The Curmudgeon


Tuesday, December 13, 2011

Impulse Control

A report into neuroscience and the law has once again pointed up the dangers of mixing the moral and political with the merely scientific. Scientists have discovered that children and adolescents are less mature than adults, and some have reasoned from this that "the age of criminal responsibility in the UK is unreasonably low, and the evidence of individual differences suggests that an arbitrary cut-off age may not be justifiable", except perhaps from the viewpoint of lynch-mob ethics and prison profitability. As scientists, lawyers and pre-governmental Liberal Democrats we may, of course, deplore such things as moral outrages; but, politics being the art of the possible in a big society which has no very big interest in educating, amusing or employing its offspring, what else is one to do?
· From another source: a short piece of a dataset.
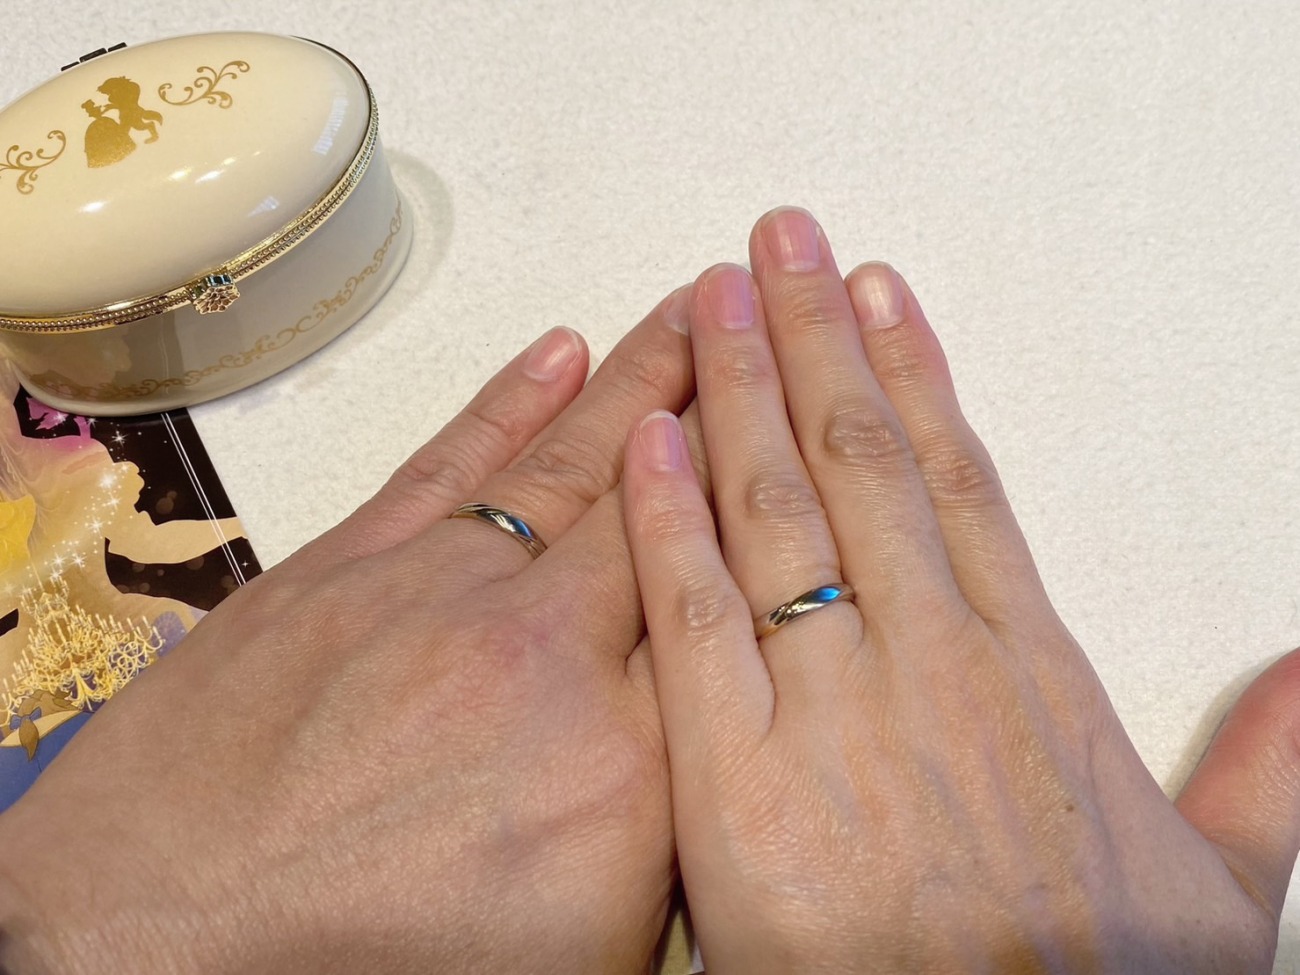 結婚20周年記念に選んだディズニー美女と野獣の限定デザインの結婚指輪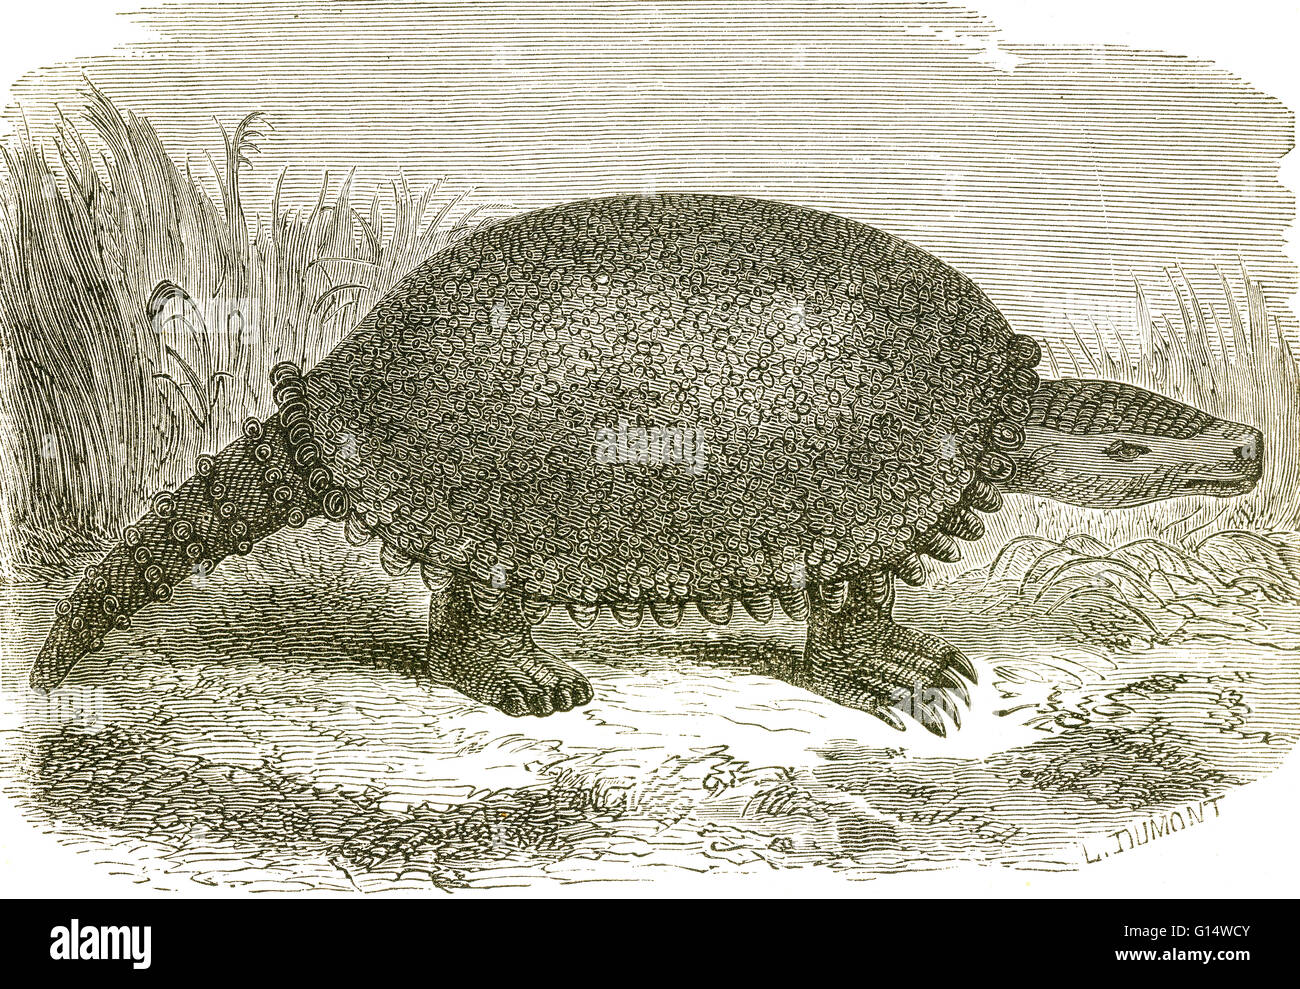 Un glyptodont Schistopleuron typus, à partir de l'âge de glace d'Amérique du Sud. Glyptodontes sont liés aux tatous des temps modernes. Illustration de Louis Figuier a le monde avant le déluge, 1867 American edition. Banque D'Images

On the bright side, a former professor of law at King's College London claims that it is impossible to predict with any degree of certainty or accuracy whether a particular individual will re-offend on leaving prison; which is about as compelling an argument for harsher laws and longer sentences as any socially mature pension-plundering warmonger is likely to require.


  • At 8:14 pm , Anonymous Madame X said...

    We used to have something called the juvenile justice system that was designed to educate and rehabilitate, which could hold inmates until they were 25. Now we just try children as adults and house them in supermaxes up to life without parole (meaning forever). It's not as expensive as you'd think, because children rarely survive to adulthood that hostile environment.

    This is considered perfectly acceptable by people who excuse their own cruel actions by alleging satanic interference or patriotism or market forces.